= EXERCISE DETAILS =
The lines in the listing below are to be given again exactly, starting at the line holding "Future innovation ideas" and ending at the line holding "E27 socket.". Do not include pictures.

RECORDS FOR THIS EXERCISE START

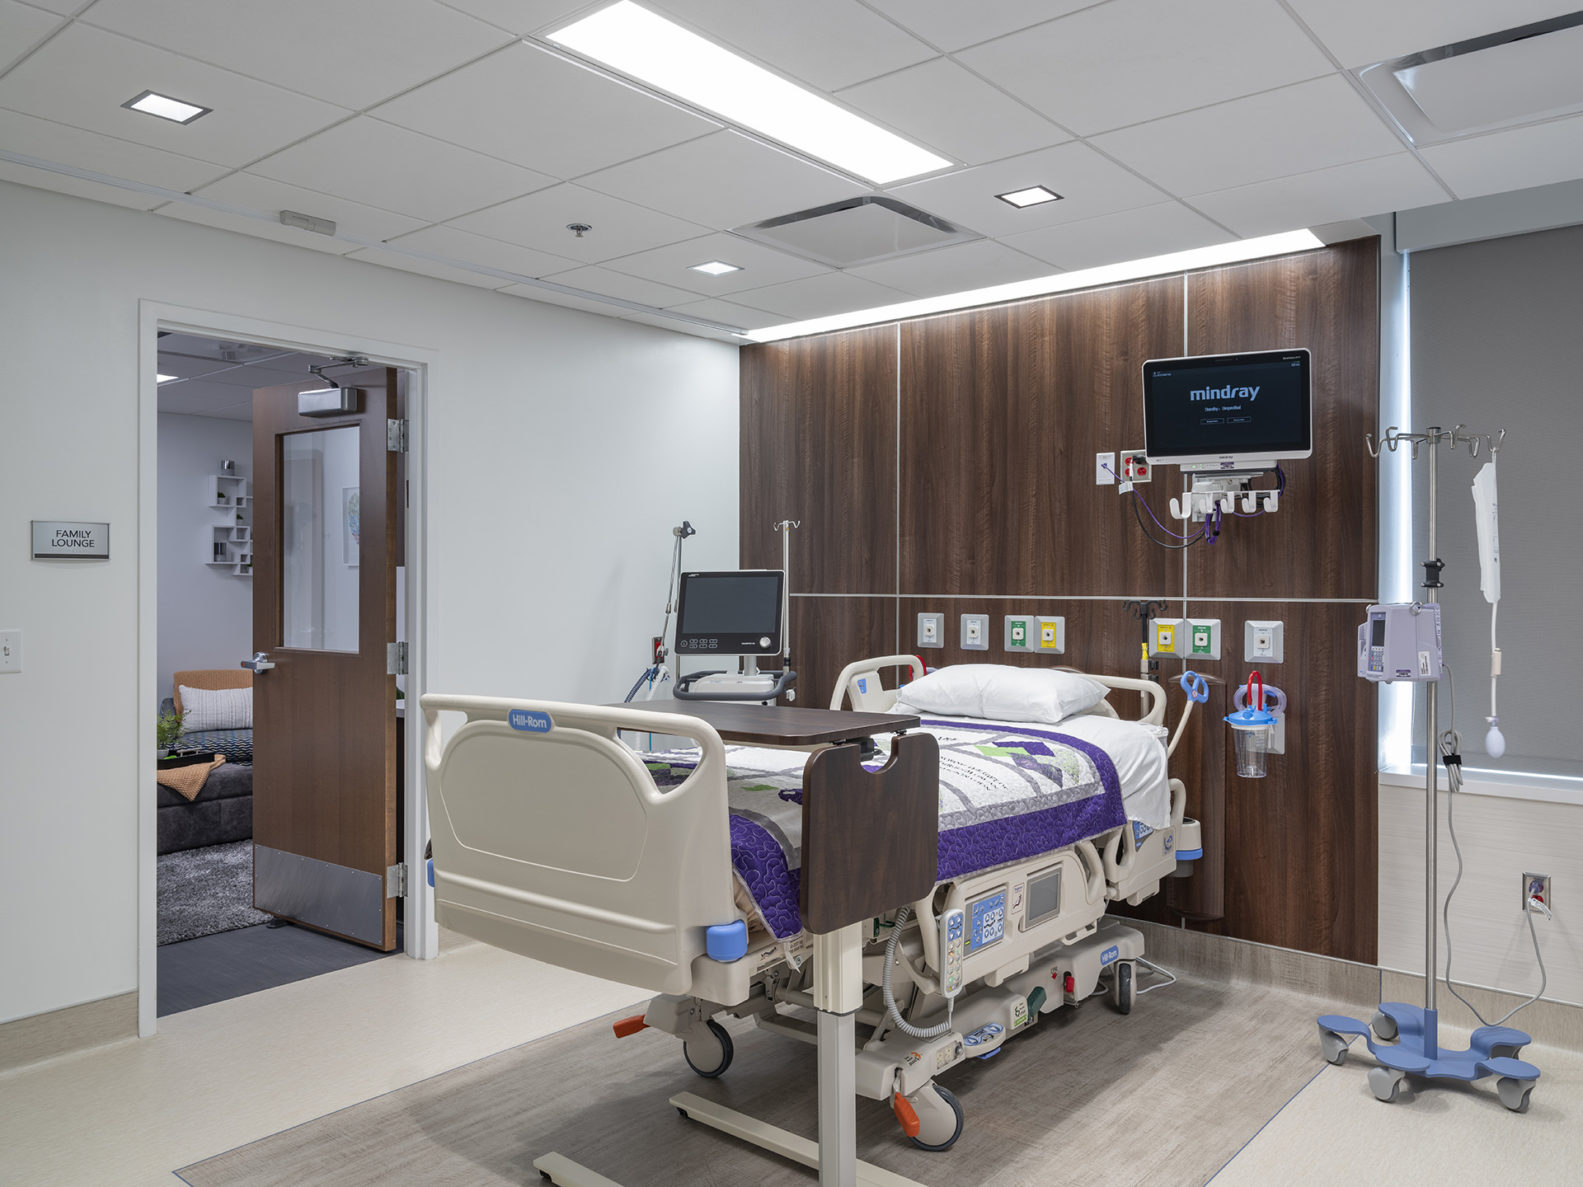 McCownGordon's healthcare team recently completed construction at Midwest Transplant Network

RECORDS FOR THIS EXERCISE END
RECORDS FOR THIS EXERCISE START

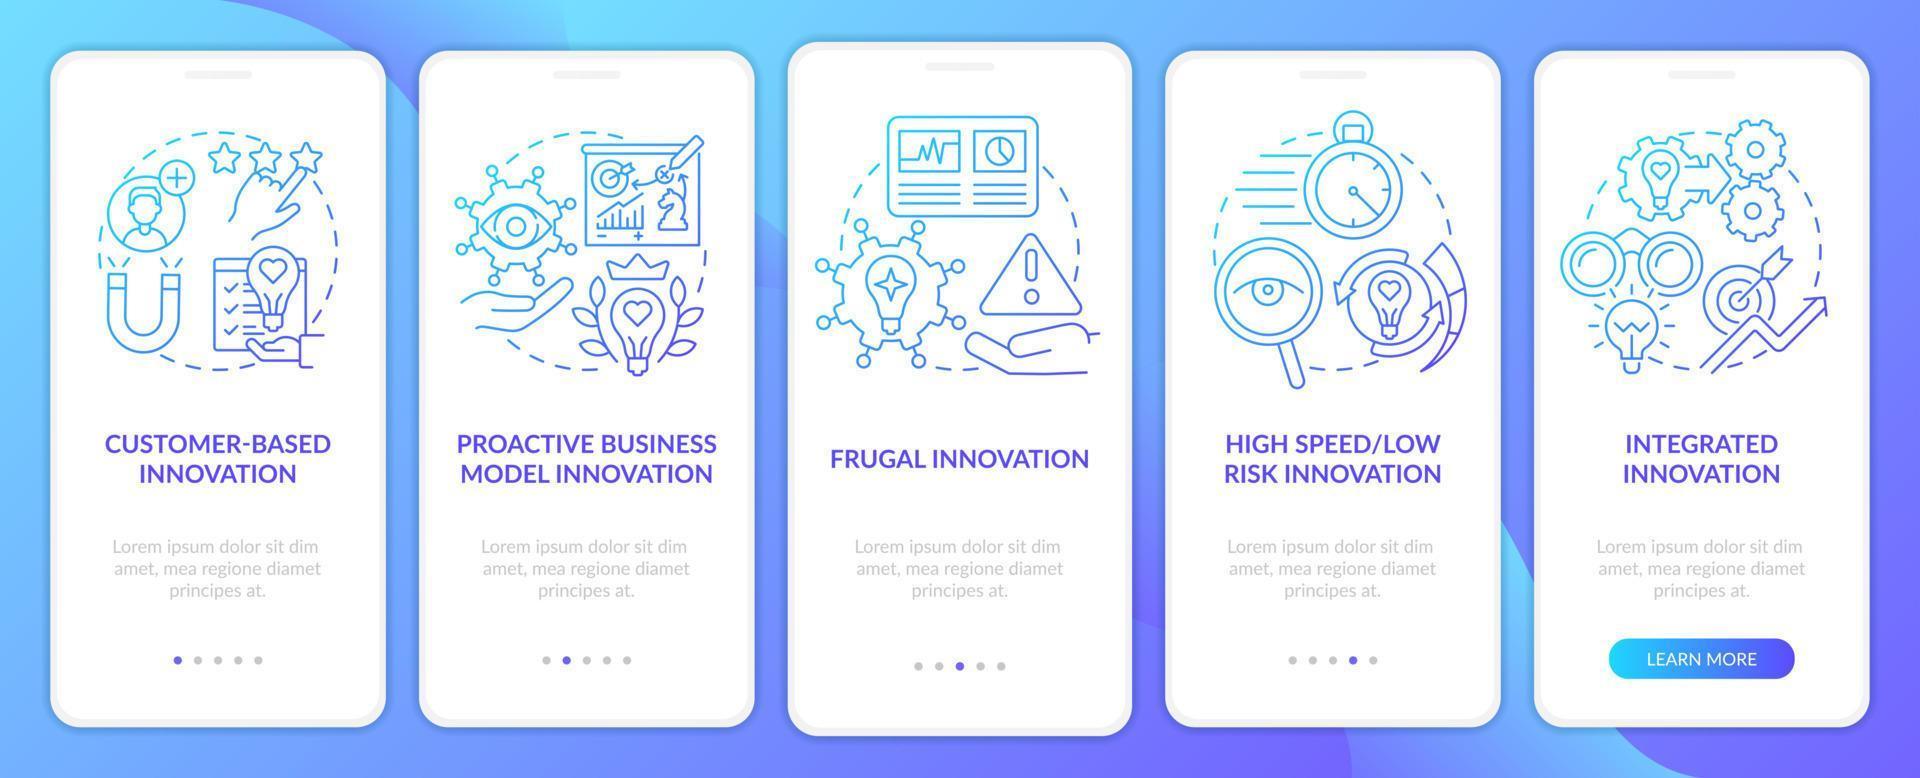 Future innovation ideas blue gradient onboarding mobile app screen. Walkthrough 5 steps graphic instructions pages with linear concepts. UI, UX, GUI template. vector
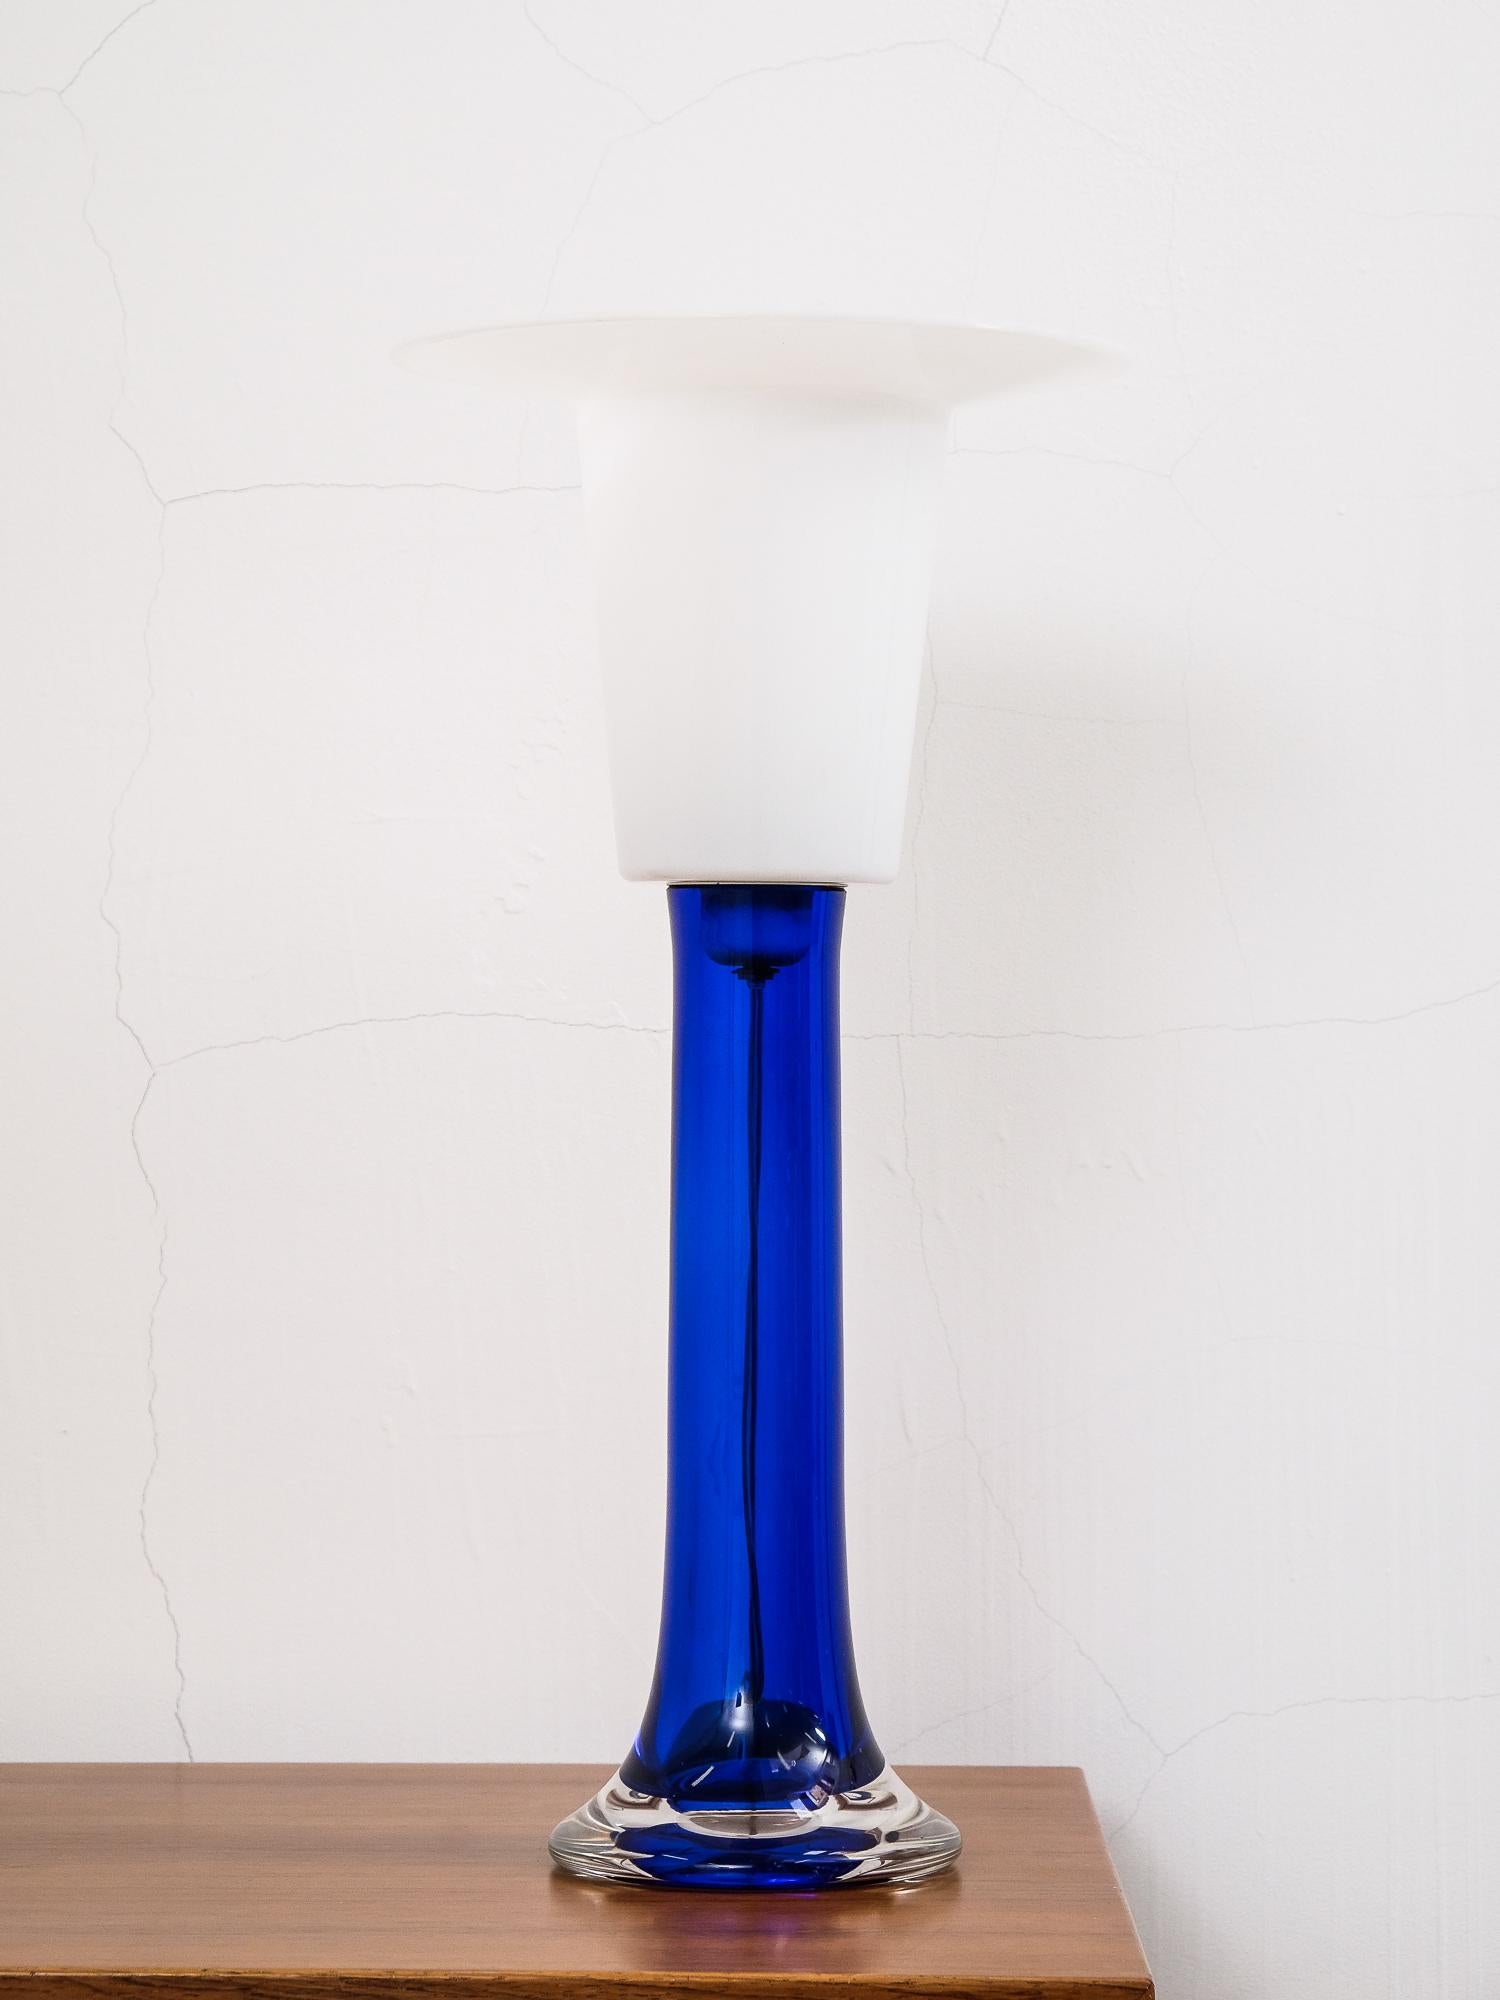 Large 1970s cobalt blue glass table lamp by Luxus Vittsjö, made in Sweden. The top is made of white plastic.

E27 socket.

RECORDS FOR THIS EXERCISE END
RECORDS FOR THIS EXERCISE START

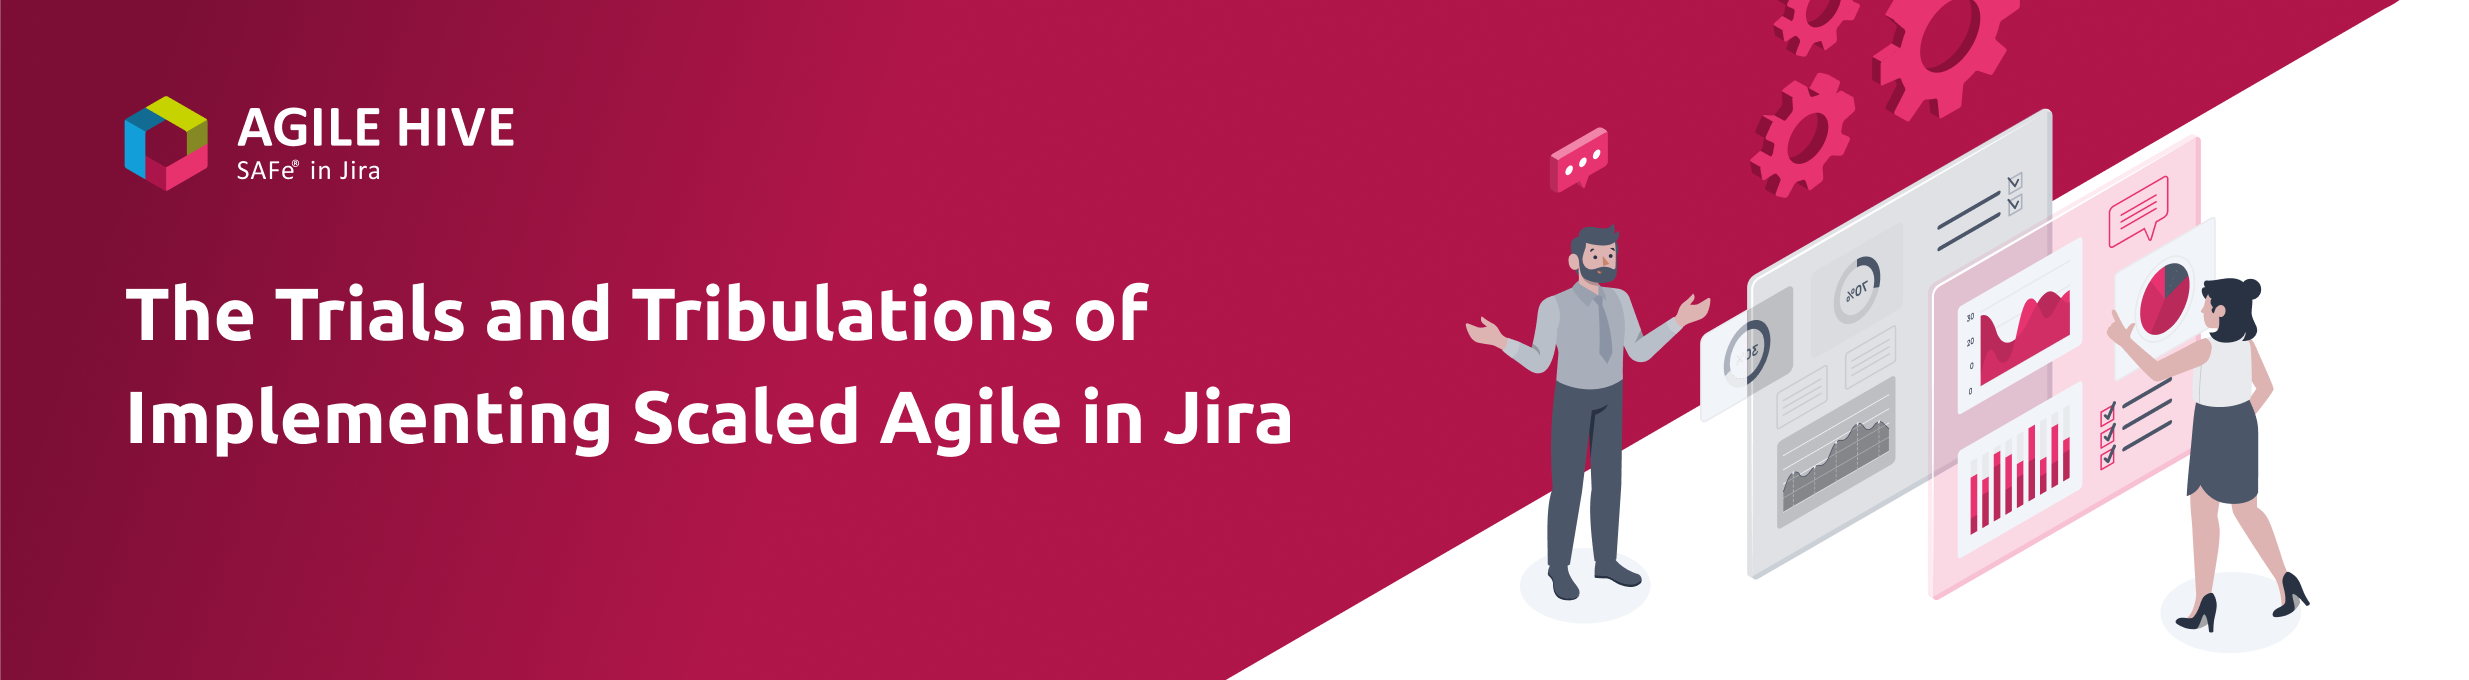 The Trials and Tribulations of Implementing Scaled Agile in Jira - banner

RECORDS FOR THIS EXERCISE END

= RESULT =
 Future innovation ideas blue gradient onboarding mobile app screen. Walkthrough 5 steps graphic instructions pages with linear concepts. UI, UX, GUI template. vector
 Large 1970s cobalt blue glass table lamp by Luxus Vittsjö, made in Sweden. The top is made of white plastic.

E27 socket.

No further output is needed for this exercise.